- Supplied material:
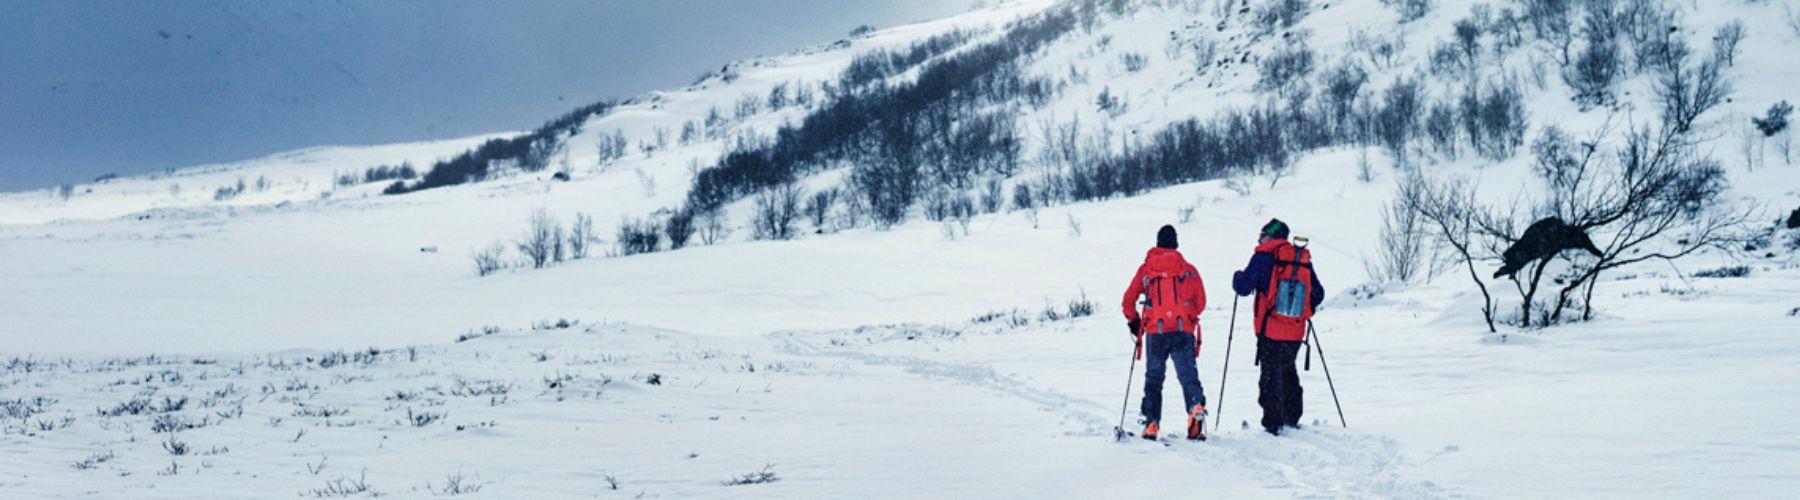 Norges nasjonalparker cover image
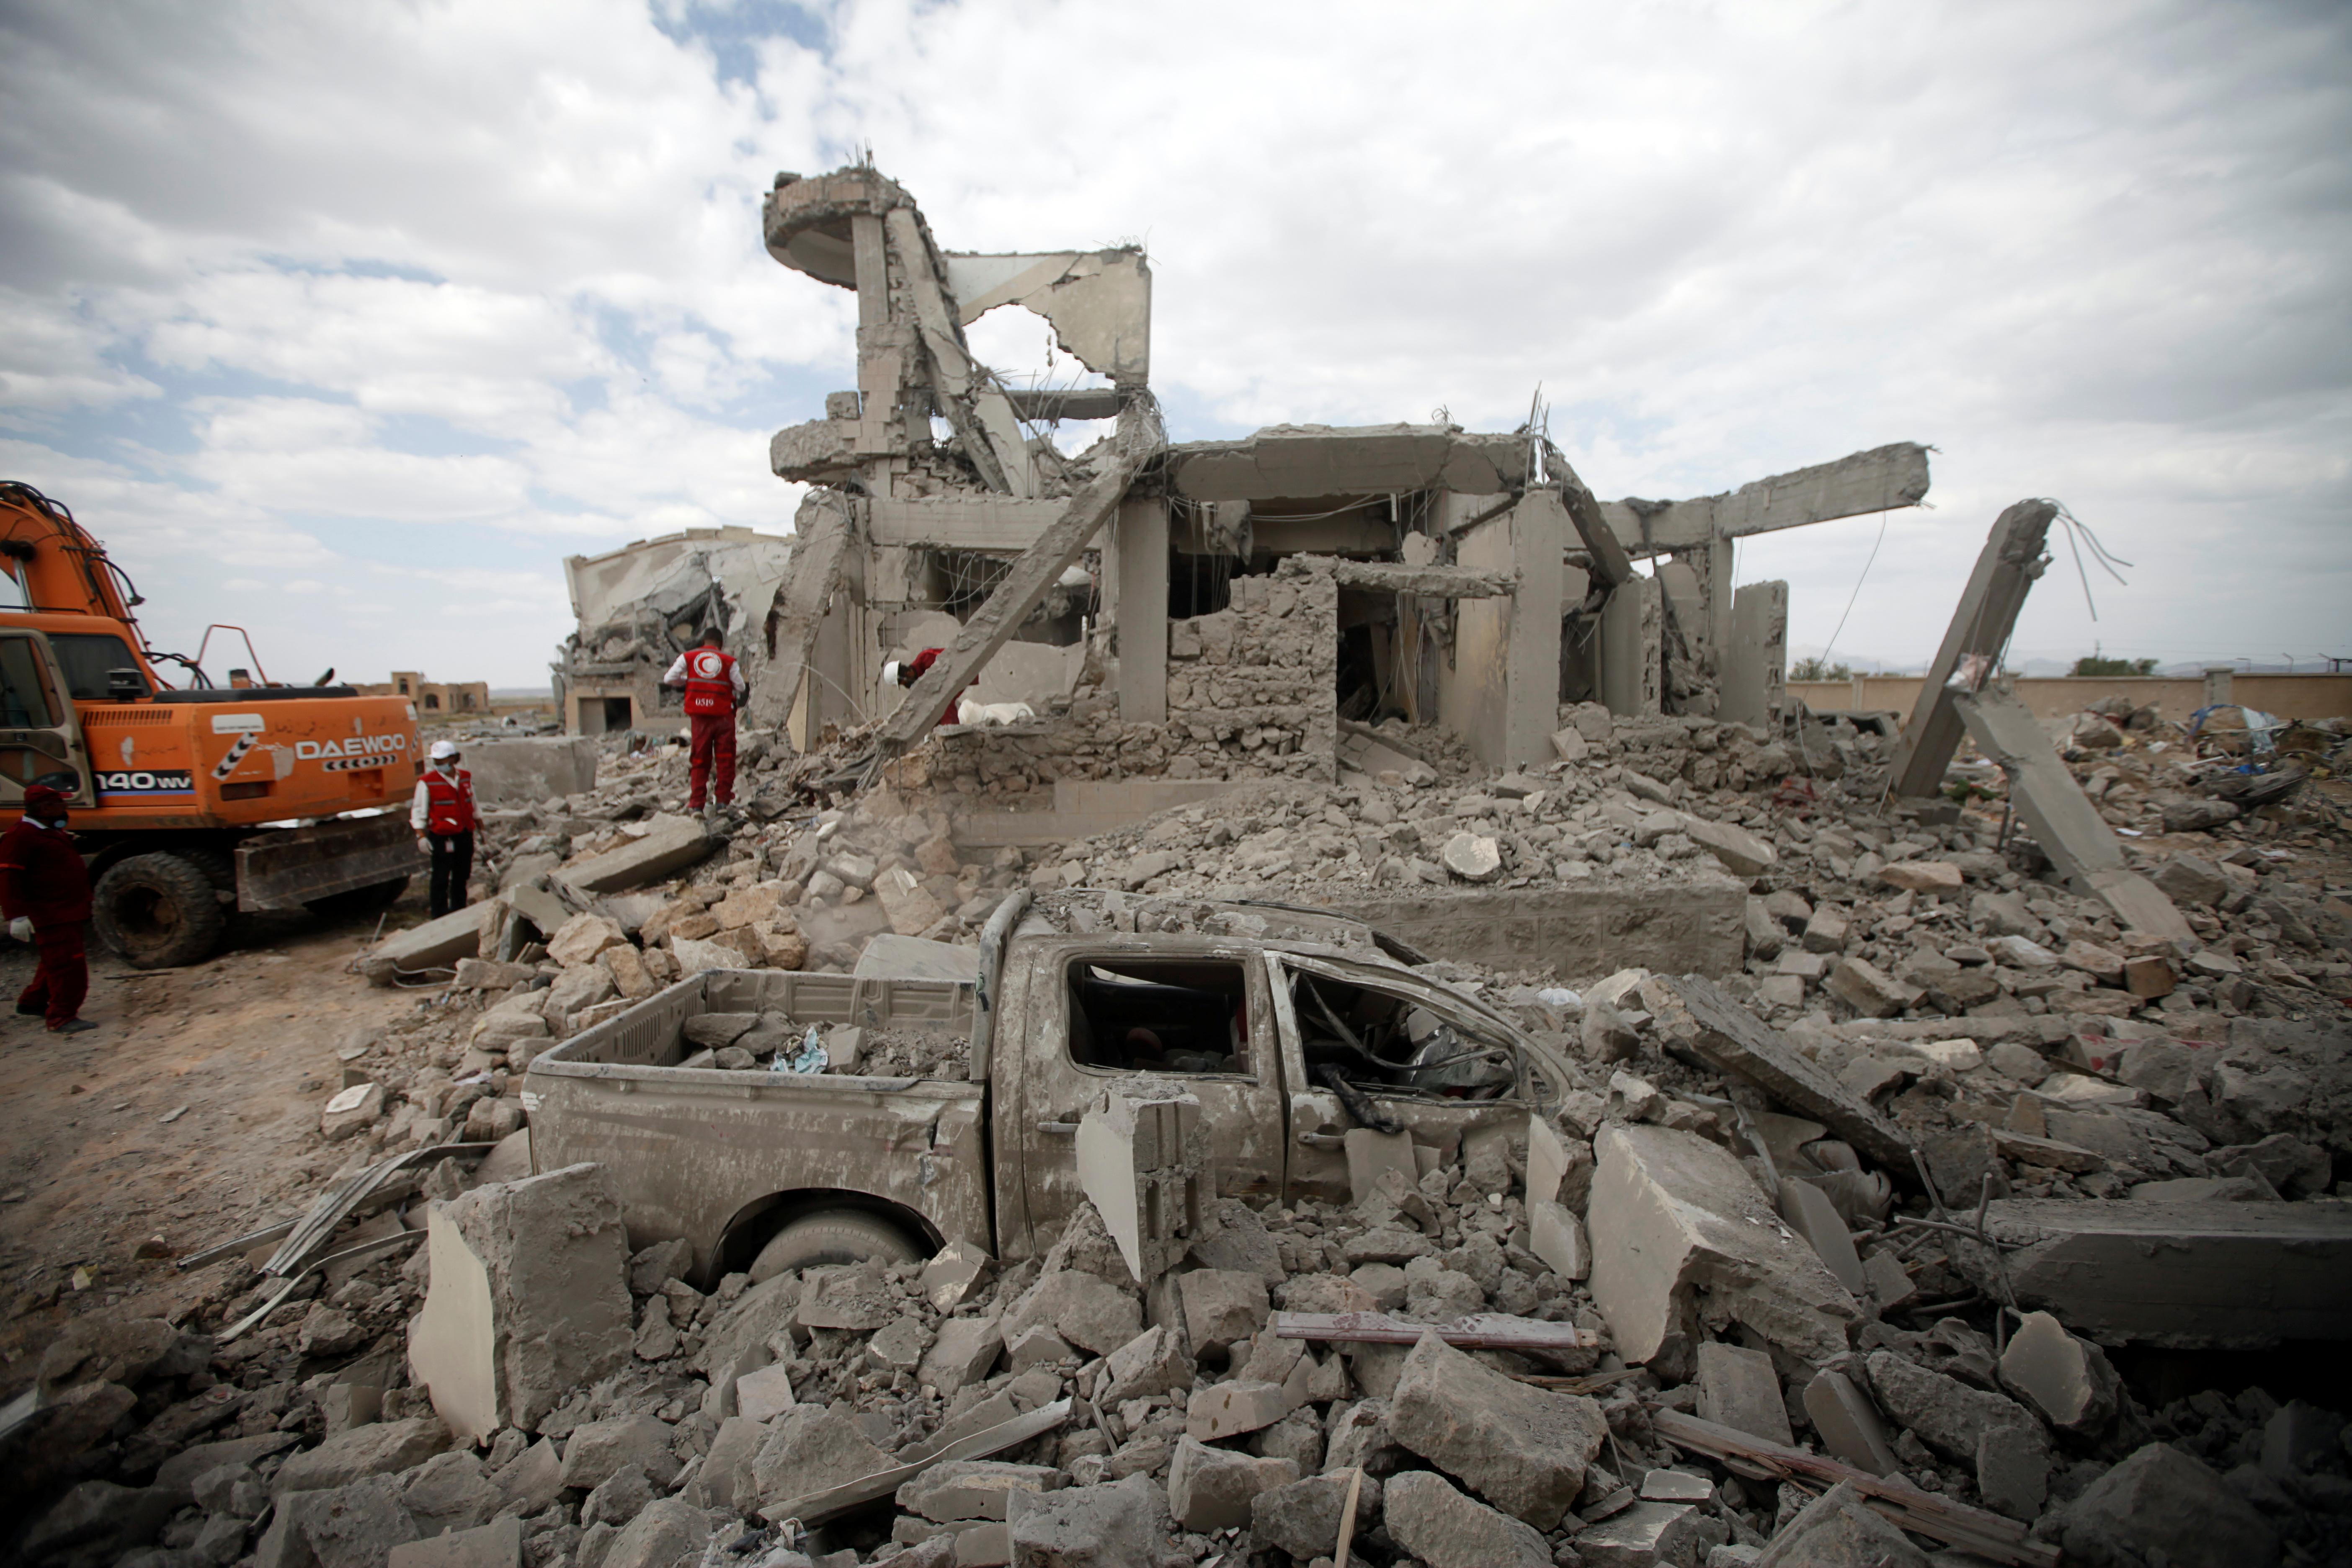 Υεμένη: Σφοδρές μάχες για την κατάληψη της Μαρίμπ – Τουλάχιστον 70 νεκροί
==
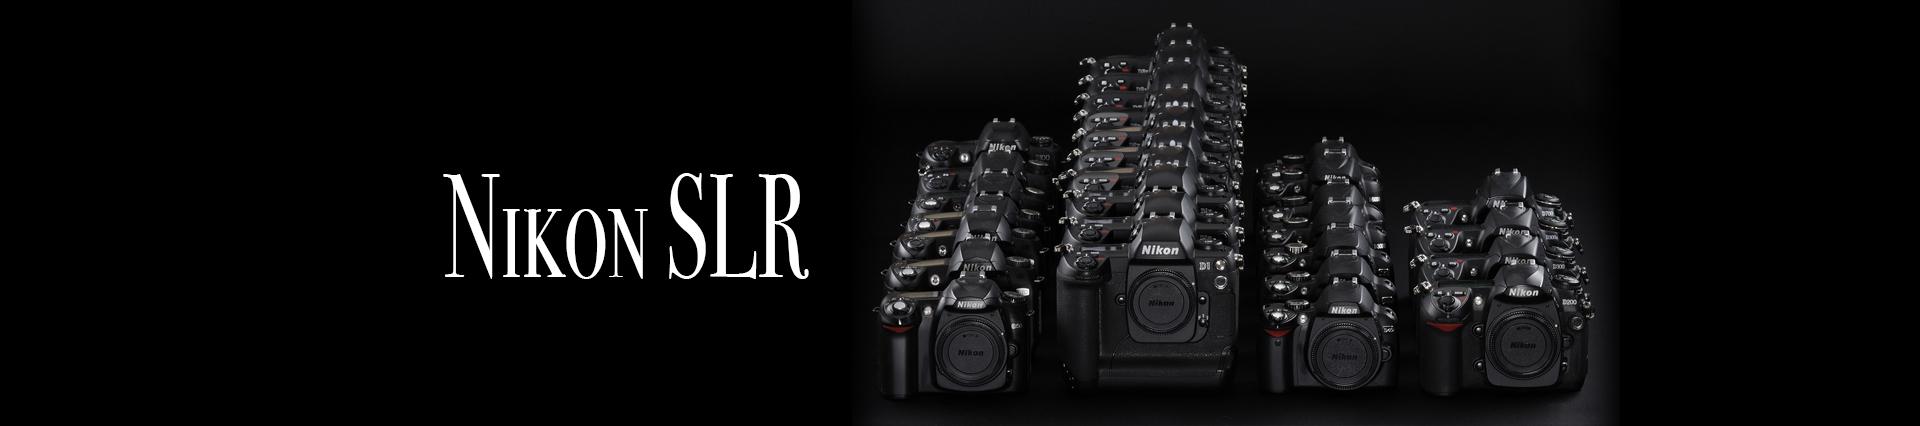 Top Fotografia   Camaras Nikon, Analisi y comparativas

- Work task:
What is needed is an exact copy of only the lines above from the one with "Norges nasjonalparker cover image" to the one with "Υεμένη: Σφοδρές μάχες", both kept, with every picture left out.

- Response:
 Norges nasjonalparker cover image
 Υεμένη: Σφοδρές μάχες για την κατάληψη της Μαρίμπ – Τουλάχιστον 70 νεκροί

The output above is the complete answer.